Well, it would be wouldn't it? On December 29th, one's thoughts may well turn to resolutions. But I do know I am not the only one to decide that the only reliable resolution is not to make resolutions. However, that, by now, is so unoriginal that I am rising to the challenge and making some that will stand, anyway,a bit of a chance of being kept.
The first and most far-reaching is to kick in to touch the concept of 'for now'. It will do 'for now' I say as I push another jumper in to the drawer without folding it properly and without stacking it, colour-related, on top of its cousins. Throwing things in to the bottom of the wardrobe because you "haven't time" to find another hanger and hang it up and it will do 'for now' is another from-now-on no-no. The fridge is another trap for the procrastinator. A milk bottle is clearly at risk of falling over in the too tight space in the door, but it will do 'for'now'. Of course it won't as you find out when you open the door and it falls in to your arms.

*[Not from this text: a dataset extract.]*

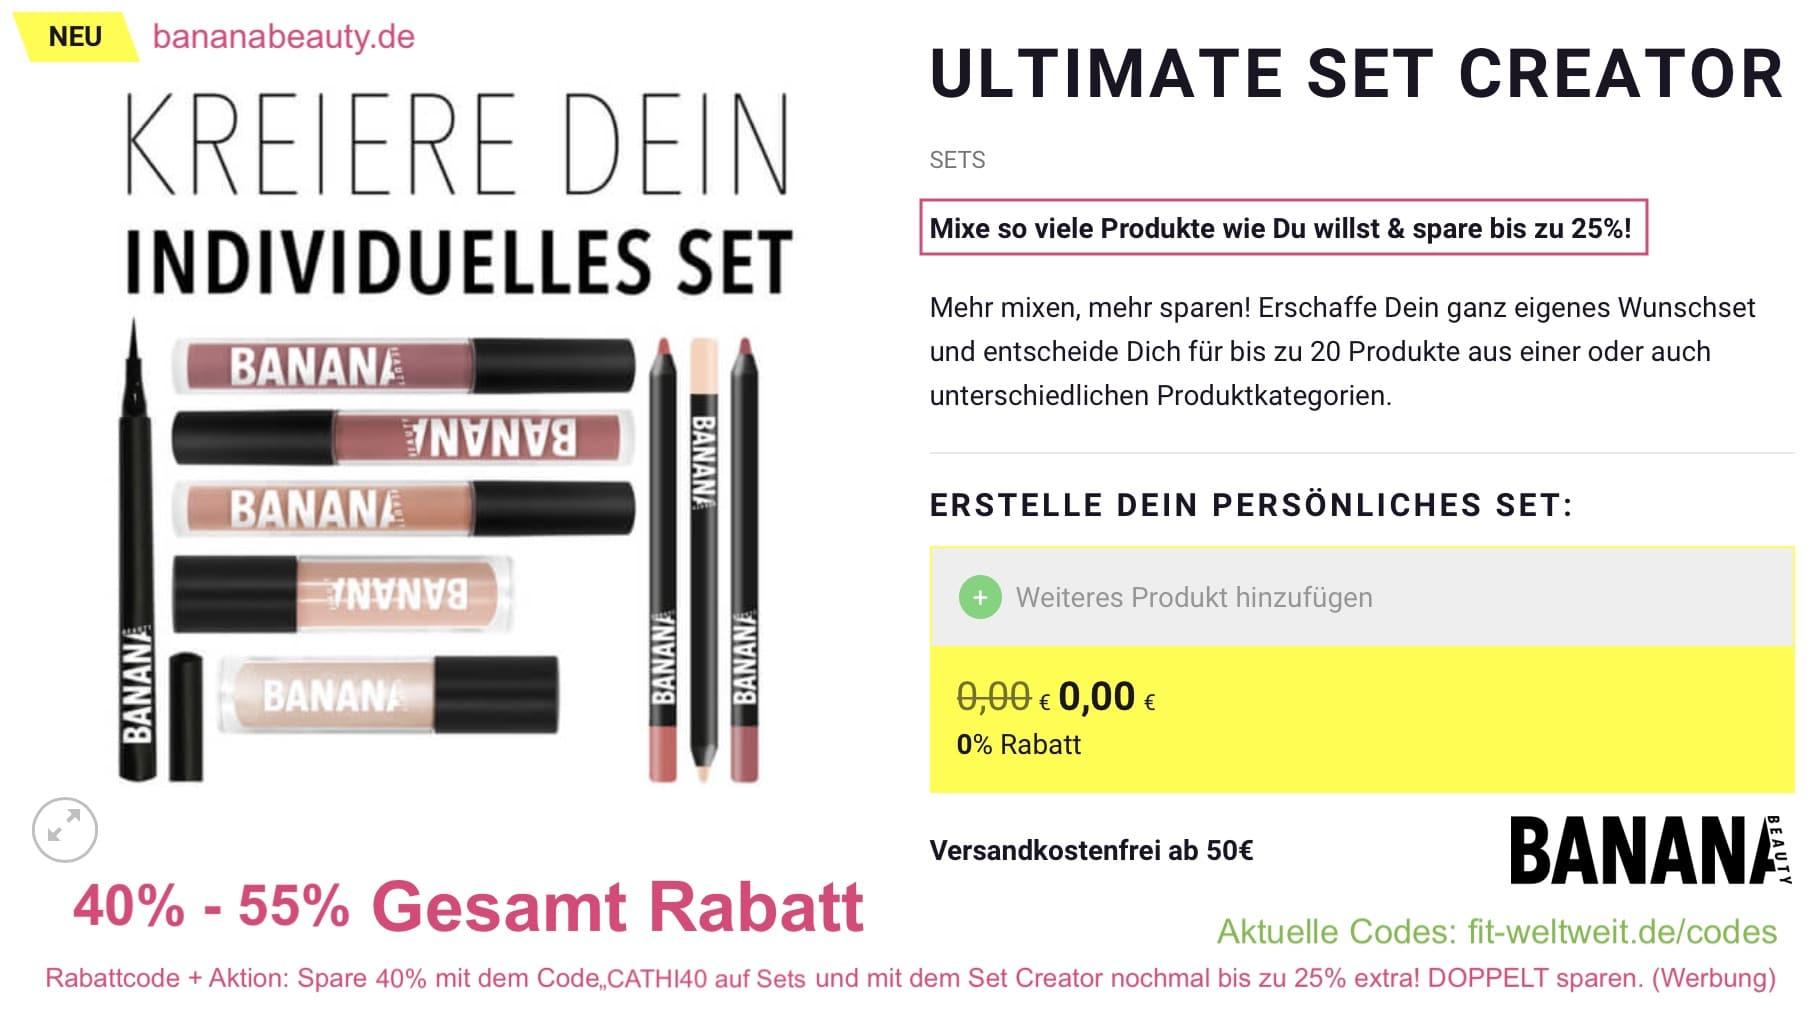 """#KOSMETIK #BANANABEAUTY #VEGAN #RABATTCODE #ERFAHRUNGEN #INSTAGRAM // BANANA BEAUTYERFAHRUNGEN (Werbung) Crueltyfree Kosmetik (tierversuchsfrei) Liquid Lipsticks und die Brushes sind vegan. Meine ganzenBANANA BEAUTY Erfahrungen mit den Kosmetik Produkten. Banana Beauty Lipstick Farben, Erfahrungsbericht (Was passt zu wem?), Lippenstifte, Lipliner Erfahrungen, Eyeshadow Paletten von Banana Beauty // 25% Rabatt bekommst du im gesamten Shop von Banana Beauty mit dem Rabatt Code """"CATHI40"""""""

Milk, blood and rice are the very Devil to clean up don't you find?
The other day, I made up my face without much care, thinking, as you have guessed, "that'll do for now" and was invited out to lunch, spontaneously, no time for repairs, by people I would rather have had a proper face on for.
On reflection, many examples do seem to be to do with tidiness and keeping house. I rather like those domestic things and really, truly, definitely I am making a resolution to put things away where they should go and not dump them in a pile, however tidily, just for now. In the melee, fracas, bedlam, whatever word you think would best fit to describe Christmas with many - actually, several - people in a small house, it is certainly a test of one's taste for housework: the' for-now' principal was a very tempting quick-fix. However,as we speak, I can't find anything that I put somewhere "just for now". I have lost two DVDs and a leather notebook embossed with "Profound Thoughts". My hope is that they were muddled up with gifts the visitors took away with them and they will re-surface in due course. Since the visitors do not hail from the UK the things may not re-surface until next Christmas. Oh well, resolution number two, more acceptance, more tolerance.

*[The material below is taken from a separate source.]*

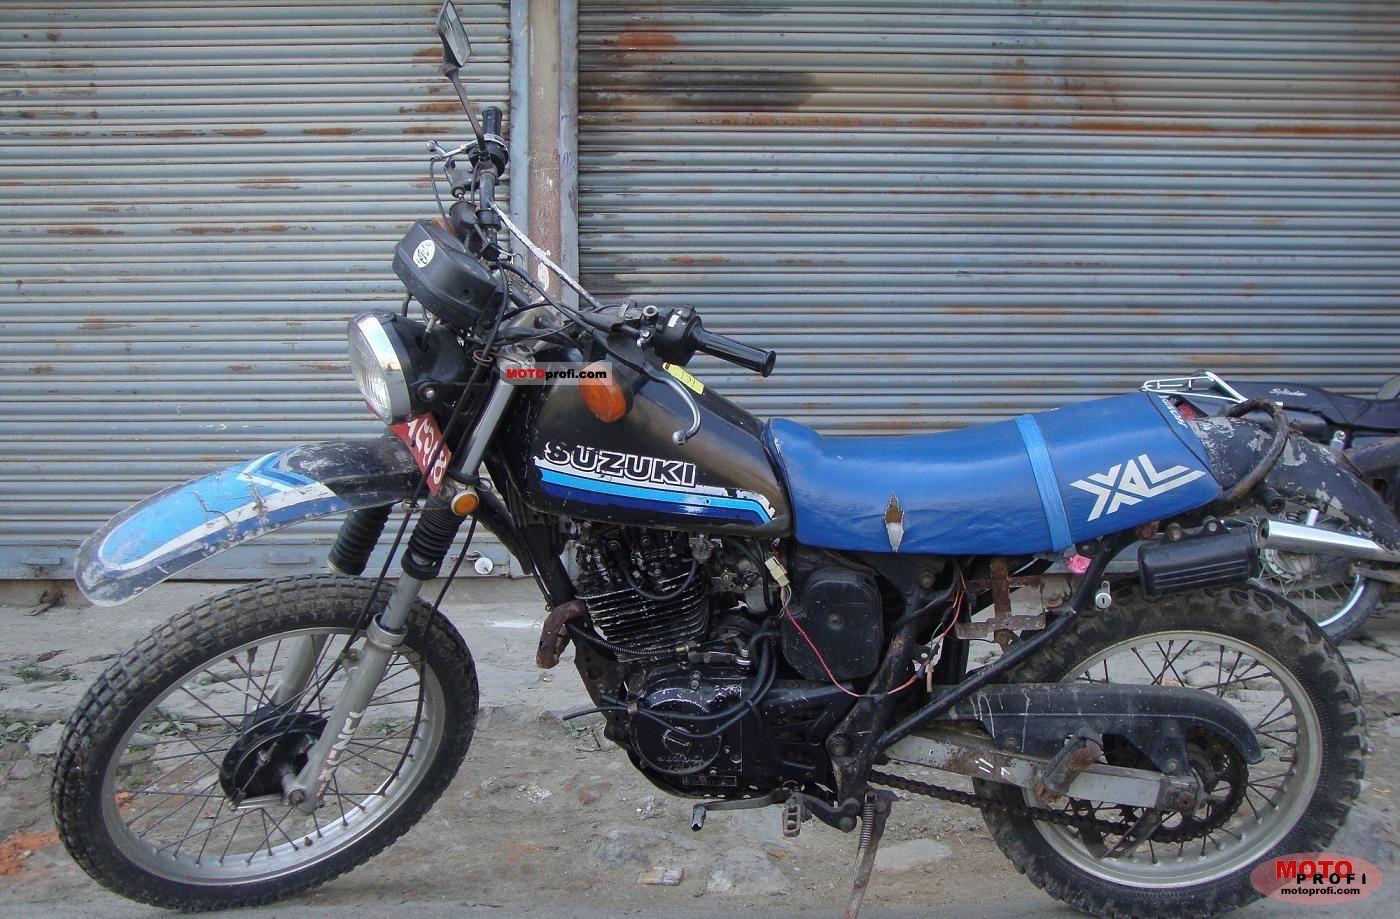 Suzuki DR 250 S 1984 photo

I think I have spent far too much of the last 75 years trying to put things right, or righter, and/or fretting when I couldn't. That will be the 40year old, who still has that kind of energy and evangelism. I am resolved not to wear myself out trying to replace a broken glass with an identical one. I will tolerate five of one sort and one of another on my table. I am blessed with household help and I have decided to put up with the fact that light bulbs are never dusted or, better still, hoist myself up and dust them myself. What will it matter in the longer scheme of things? The concept of 'Good Enough' is one that I have lived and worked with for what seems like forever, but, suddenly I see that there is a tension between that and the 'for now' syndrome. How can I reconcile giving up 'for now' with 'Good Enough'? I know: 'for now' simply isn't usually good enough. 'For now' is a postponement of best effort; 'good enough' is acceptance of having given ones best effort. Whew: that's a relief .
Last one, anyway for to-day: I am resolved to be more tolerant of other people's life choices. If a dear friend chooses to ally herself to a person some of whose properties I can't, personally appreciate, it is up to me to behave as if I do appreciate them. I do have a much too finely honed insight in to what people are like and what they may prefer not to have me know about them. It is a very uncomfortable trait I'd rather be without. Someone once likened it to being a painter who sees twelve shades of green in a leaf, where I would see only one, but, although it can be maddening for me, I can see twelve 'beneath the surface characterisitics' where I would much rather see only what I was expected to see. That doesn't give me licence to react to the bits under the surface rather than to the public presentation. Ok, OK: I can hear you: I am resolved to improve my manners. That's all that that comes down to. There you are. See you soon.
Monday, 29 December 2008
Saturday, 13 December 2008
Homesickness 2
It came to me the other day that homesickness can take rather different forms, even rather sneaky forms. The day came when I was off to hear "Les Contes d'Hoffman" which, you may remember, is the last opera at the Opera House for which I shall have to pay full price, being eligible for a 50% reduction with my disabled parking eligibility. Well, who should be there but he-to-whom-I-am-er-married, with his other arrangements. They were sitting in the same curved block, over to one side and, of course, a pound or ten further forward. It was only too easy to see them, to observe them, though I don't think they had seen me. In fact, moving through the crowded foyer before the performance, the arrangement had actually physically knocked in to me. She clearly didn't notice, being intent on getting wherever they were going, because she didn't look the type who would not have apologised for bumping in to an old lady with a stick, even in a crowd of the more-than-middle-aged, which, sadly, one does find preponderant at the Opera House these days. Himself hadn't noticed me neither so it remained my little secret.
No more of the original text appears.